ÍndicePraçaVariaçãoPontuação de Fechamento
FTSE 100Londres+0,99%10.432,34
DAXFrankfurt+1,36%24.732,28
CAC 40Paris+1,7%8.117,42
FTSE MIBMilão+1,71%49.181,66
Ibex 35Madri+2,16%18.051,70
PSI 20Lisboa+0,96%9.247,99

Dinâmica Setorial e Tecnologia

A normalização parcial nas rotas de navegação favoreceu segmentos sensíveis à logística global. O setor de defesa e aeroespacial registrou alta de 3,3%, enquanto a cadeia de tecnologia avançou 3,1%. Dentro desse universo, a holandesa ASML, referência em equipamentos de litografia para fabricação de chips, saltou 6,6%. A movimentação antecipou a publicação dos resultados trimestrais da Nvidia, evento que tradicionalmente recalibra as expectativas de valuation (avaliação de preço de mercado) para a indústria de semicondutores.

Política Monetária e Pressões Inflacionárias

Enquanto os pregões reagem ao alívio imediato, as autoridades monetárias europeias mantêm o foco na trajetória de preços. Dirigentes do Banco da Inglaterra (BoE, autoridade que define a taxa básica no Reino Unido) recomendam cautela antes de qualquer elevação na taxa de juros, citando a incerteza macroeconômica e o risco de pressão sobre a inflação. Na zona do euro, o dirigente do Banco Central Europeu (BCE, responsável pela política monetária do bloco) e presidente do BC da Bélgica, Pierre Wunsch, afirmou que vê:

“grandes chances” de um aperto monetário (ciclo de aumento de juros para frear a economia) na reunião de junho, se a guerra continuar.

Tais posicionamentos foram publicados após a divulgação de indicadores de inflação divergentes entre o Reino Unido e os países do euro. No campo institucional, o parlamento francês aprovou a candidatura de Emmanuel Moulin para comandar o BC da França, indicação do presidente Emmanuel Macron.

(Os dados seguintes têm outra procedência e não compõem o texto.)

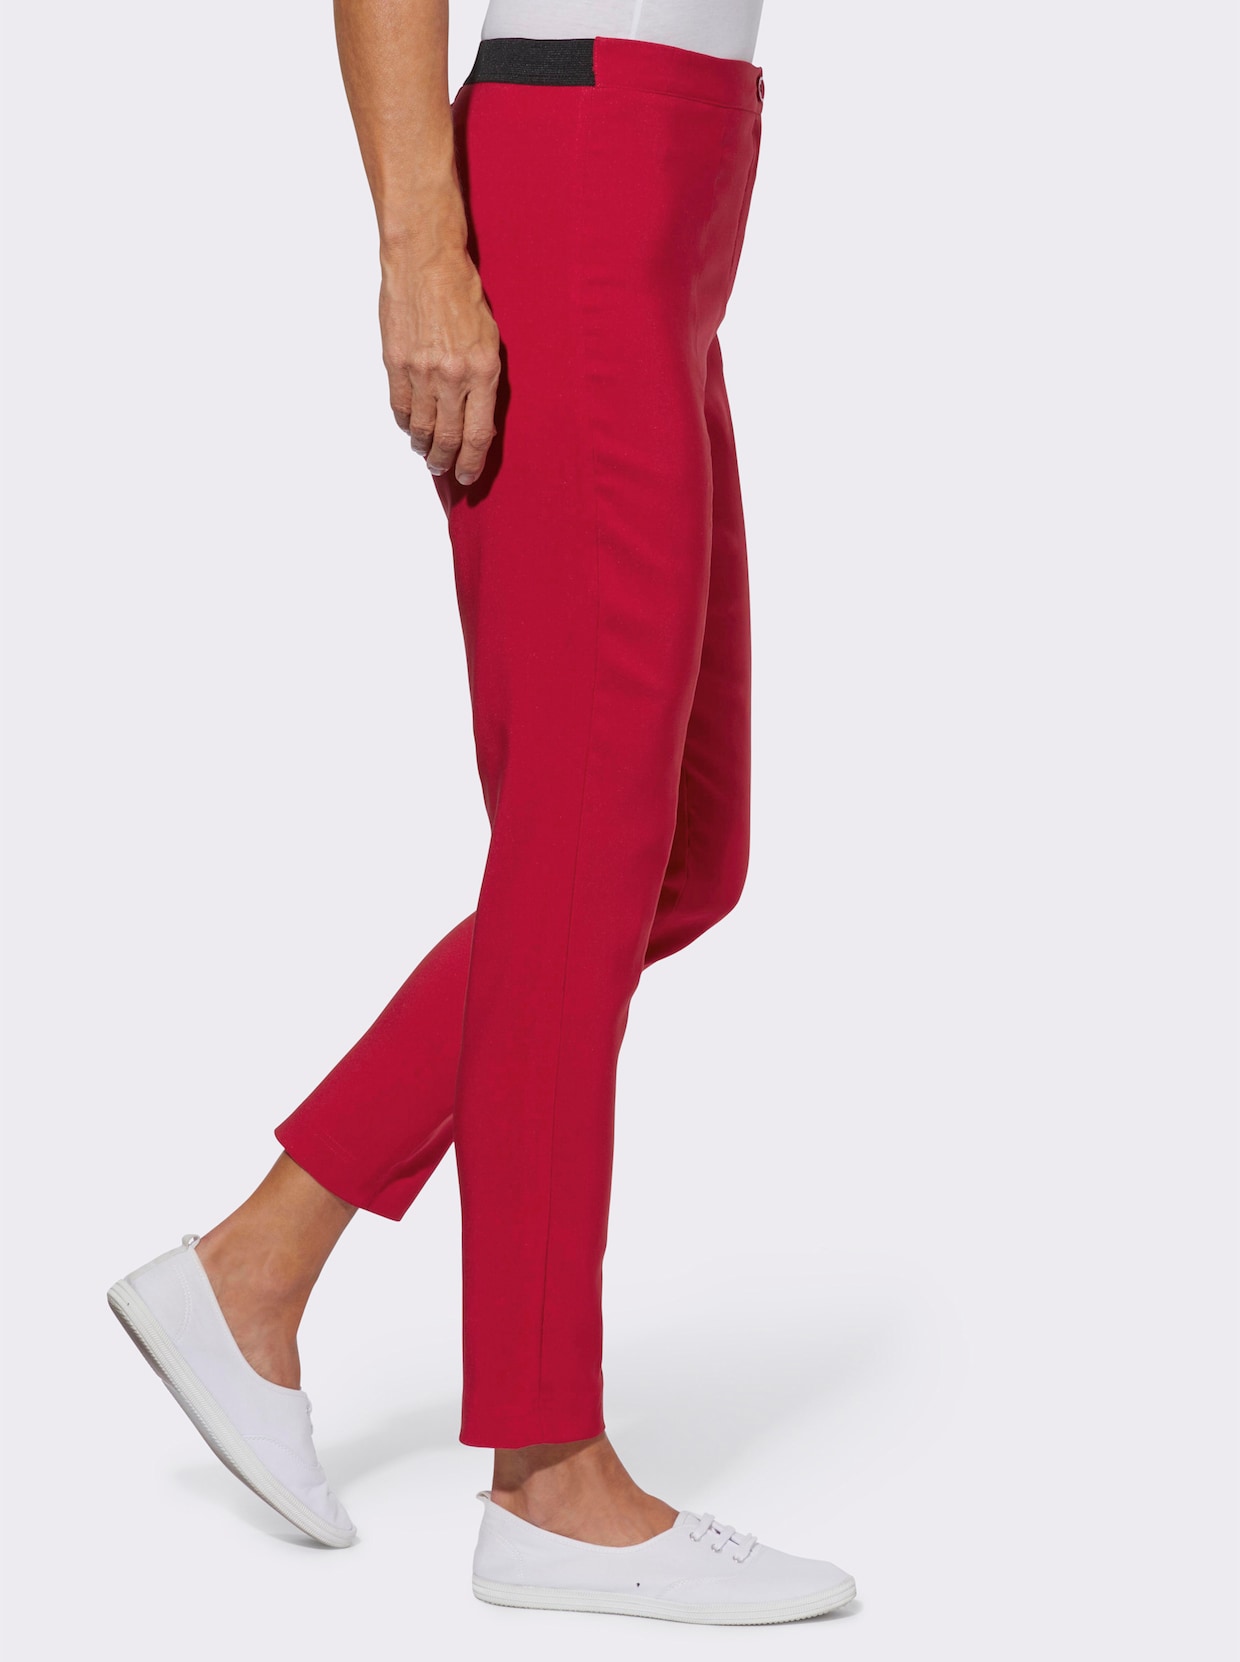 Bengalínové kalhoty - červená

Movimentos Corporativos no Setor Financeiro

O segmento bancário apresentou desempenho sólido, impulsionado por desdobramentos estratégicos de fusões e aquisições. O Commerzbank subiu 3% e o UniCredit avançou 2,4%. A valorização reflete a decisão do CEO do banco alemão de solicitar aos acionistas a rejeição formal da proposta de aquisição apresentada pela instituição italiana, preservando a governança independente.

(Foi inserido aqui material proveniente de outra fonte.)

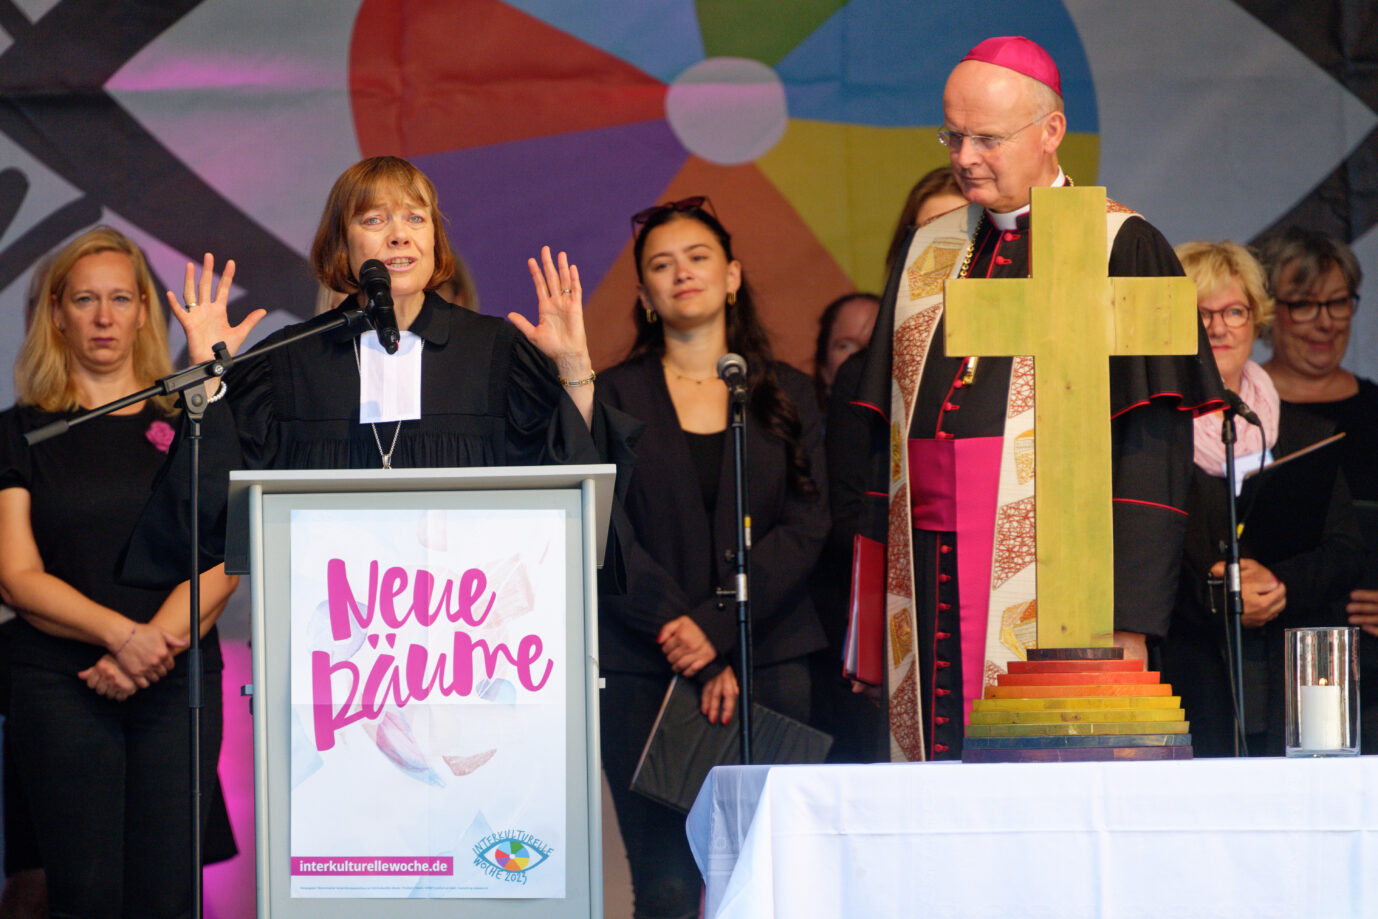 Auf dem Foto ist die EKD-Ratsvorsitzende Annette Kurschus während einer ökumenischen Veranstaltung zu sehen. (Themenbild/Symbolbild)

O que isso significa para o investidor

Para o alocador brasileiro, a redução do estresse logístico global e a melhora no apetite por risco na Europa funcionam como termômetro de fluxo de capitais. Cenários de estabilização no preço de commodities e contenção de conflitos tendem a facilitar a migração de recursos para mercados emergentes, oferecendo suporte à liquidez da B3 e à dinâmica cambial. Por outro lado, a persistência de taxas de juros restritivas nos principais bancos centrais eleva o custo de oportunidade e pode limitar múltiplos de avaliação. O investidor deve acompanhar a correlação entre a curva de juros futura, a expectativa para o câmbio e a exposição de empresas nacionais ao cenário internacional.

Riscos em Monitoramento

  • Rompimento nas tratativas de paz ou reversão no acordo diplomático entre EUA e Irã, o que fecharia novamente o Estreito de Ormuz e pressionaria os custos globais de frete e energia.
  • Manutenção de dados inflacionários acima das metas nos principais blocos, forçando um ciclo de juros mais longo e restritivo.
  • Escalada de litígios regulatórios na tentativa de aquisição do Commerzbank, gerando volatilidade idiossincrática no setor bancário.

Perspectiva e Próximos Passos

O calendário econômico dos próximos dias concentrará a volatilidade. A divulgação da versão final do texto do acordo entre EUA e Irã pelo Paquistão, prevista para quinta-feira, atuará como catalisador geopolítico imediato. Paralelamente, o mercado avaliará o impacto dos dados de inflação nas decisões do BCE para junho e aguardará os resultados da Nvidia para calibrar o apetite pelo setor de tecnologia. O monitoramento contínuo desses vetores será essencial para ajustar carteiras aos novos patamares de risco.